Comparing SQL Server HASHBYTES function and .Net hashing

A while back we had an interesting problem at work. We were calculating MD5 hashes for some values in both .Net and SQL Server and although the input values were all the same our MD5 hashes were different. After some time spent looking dumbfounded at the code I’ve realized what the bug was and started laughing. I saw that HashBytes function was the “culprit”. HashBytes function was introduced in SQL server 2005 to simplify creating hashes in the database. It can convert values to MD2, MD4, MD5, SHA, or SHA1 formats. HashBytes' result depends on the input text’s data type and can at the first glance give a bit different results that we might think, especially when combined with the .Net framework. Of course hashing itself works correctly in both. Let’s see what going on with some examples. From here on when i say hash i mean MD5 hash.

Example in SQL Server

-- note the size 15 of all datatypes
declare @val1 varchar(15),
        @val2 nvarchar(15),
        @val3 char(15),
        @val4 nchar(15)

– example of 1 byte/char text – all variables are of same length select @val1 = '1234567890', @val2 = N'1234567890', @val3 = '1234567890', @val4 = N'1234567890'

– all 4 return different results select HASHBYTES('md5', @val1) as MD5_varchar, – result = 0xE807F1FCF82D132F9BB018CA6738A19F – just to show that collation doesn't change the hash HASHBYTES('md5', @val1 collate Cyrillic_General_BIN2) as MD5_varchar_collation, – result = 0xE807F1FCF82D132F9BB018CA6738A19F HASHBYTES('md5', @val2) as MD5_Nvarchar, – result = 0xE15E31C3D8898C92AB172A4311BE9E84 HASHBYTES('md5', @val3) as MD5_char, – result = 0x2120C3F3423F89BA8A65ABD933321884 HASHBYTES('md5', @val4) as MD5_Nchar – result = 0x90DEF5840F3A31174CA44E2022F743B6

– example of 2 bytes/char text

-- 中文 means Chinese in written text
-- converting 2 bytes/char text to varchar cuts the text in half
select  @val1 =  '中文',   -- this cuts the text in half
        @val2 = N'中文',   -- this stores the whole text
        @val3 =  '中文',   -- this cuts the text in half
        @val4 = N'中文'    -- this stores the whole text

-- all 4 return different results
select  HASHBYTES('md5', @val1) as MD5_varchar,     -- result = 0xEA03FCB8C47822BCE772CF6C07D0EBBB
        HASHBYTES('md5', @val2) as MD5_Nvarchar,    -- result = 0x73C6C8CD2F94355EF015E5265D5E65B1
        HASHBYTES('md5', @val3) as MD5_char,        -- result = 0xA13C45A38853677887B4839071537634
        HASHBYTES('md5', @val4) as MD5_Nchar        -- result = 0xEADEBD3BD72A481C43C828E0C550145C
 
The catch here is the data type difference. Nvarchar and nchar take twice more bytes to store data than varchar and char. Since char and nchar pad the right side of the string with spaces to fill the gap up to defined data type length the spaces are also used in MD5 calculation. A collation plays no part in calculating hash values since collations are only applied to sorts and comparisons.

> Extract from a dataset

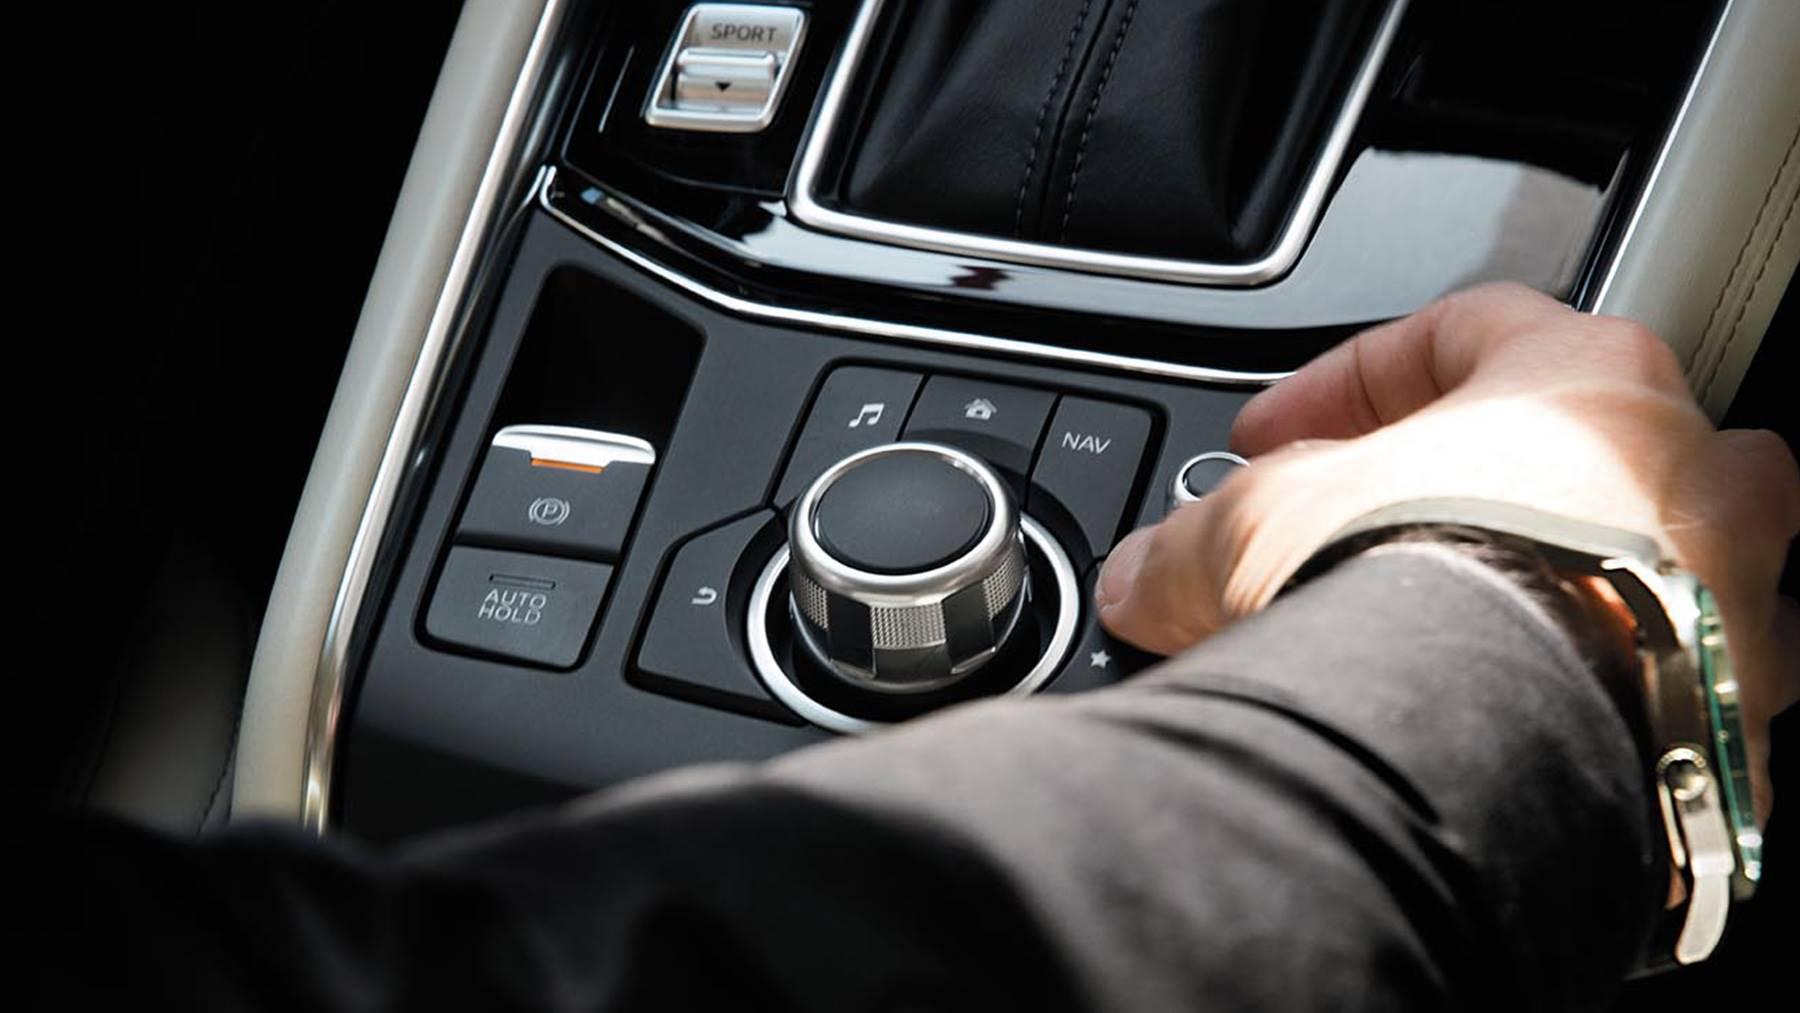 Plentiful Features in the Mazda CX-5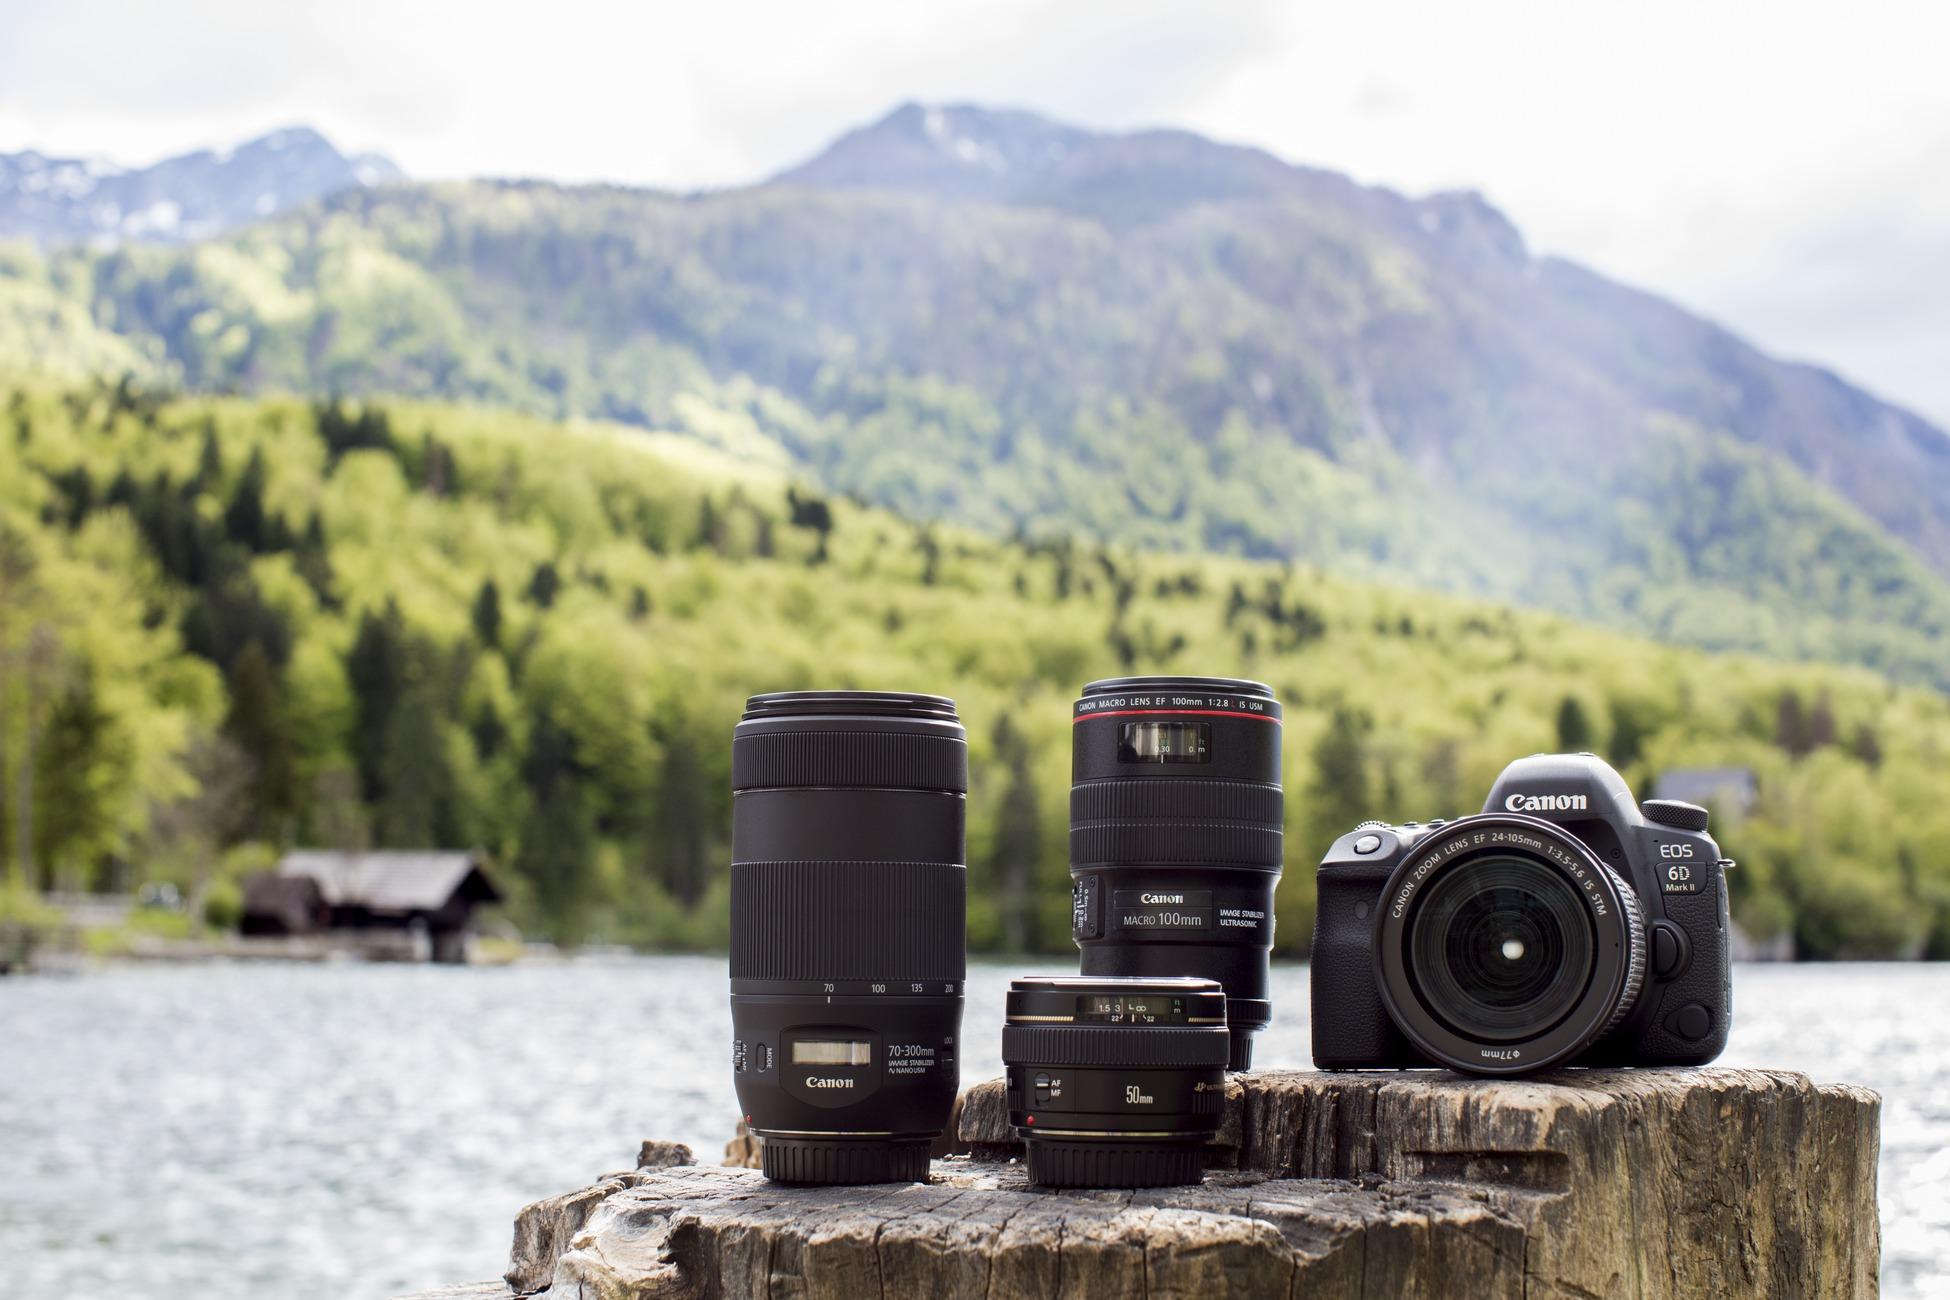 Canon EOS 6D Mark II vs Canon EOS 6D - Is it worth upgrading

However care must be taken with texts that need 2 bytes per char of storage space like Chinese text. Storing it in a varchar variable cuts it in half.

Example in .Net - C#

For generating MD5 hashes I’ve used the code from this site which turned up as the first result on Google for “MD5 in C#”:

public string GetMD5Hash(string input)
{
    System.Security.Cryptography.MD5CryptoServiceProvider x = new System.Security.Cryptography.MD5CryptoServiceProvider();
    //byte[] bs = System.Text.Encoding.ASCII.GetBytes(input);
    //byte[] bs = System.Text.Encoding.UTF7.GetBytes(input);
    //byte[] bs = System.Text.Encoding.UTF8.GetBytes(input);
    byte[] bs = System.Text.Encoding.Unicode.GetBytes(input);
    //byte[] bs = System.Text.Encoding.UTF32.GetBytes(input);
    bs = x.ComputeHash(bs);
    System.Text.StringBuilder s = new System.Text.StringBuilder();
    foreach (byte b in bs)
    {
        s.Append(b.ToString("x2").ToLower());
    }
    string password = s.ToString();
    return password;
}

// hashes for the simple “1234567890” text in all encodings ASCII: e807f1fcf82d132f9bb018ca6738a19f UTF7: e807f1fcf82d132f9bb018ca6738a19f UTF8: e807f1fcf82d132f9bb018ca6738a19f Unicode: e15e31c3d8898c92ab172a4311be9e84 UTF32: 6a57502c29a5081f03cb70e0ad38ecc7

// hashes for the complex “中文” text in all encodings ASCII: ea03fcb8c47822bce772cf6c07d0ebbb UTF7: eb02105e5c51a33f21e8da7f8102cfda UTF8: a7bac2239fcdcb3a067903d8077c4a07 Unicode: 73c6c8cd2f94355ef015e5265d5e65b1 UTF32: 65fe91b81ed1107566f9f9f5ed4ccaf1

 

All strings in .Net store their chars in 2 bytes by default. When hashing values we have to take this into account and use proper text Encoding. .Net supports 5 encodings: ASCII (7 bits per char), UTF7 (7 bits per char), UTF8 (8 bits = 1 byte per char), Unicode (UTF-16) (16 bits = 2 bytes per char) and UTF32 (32 bits = 4 bytes per char).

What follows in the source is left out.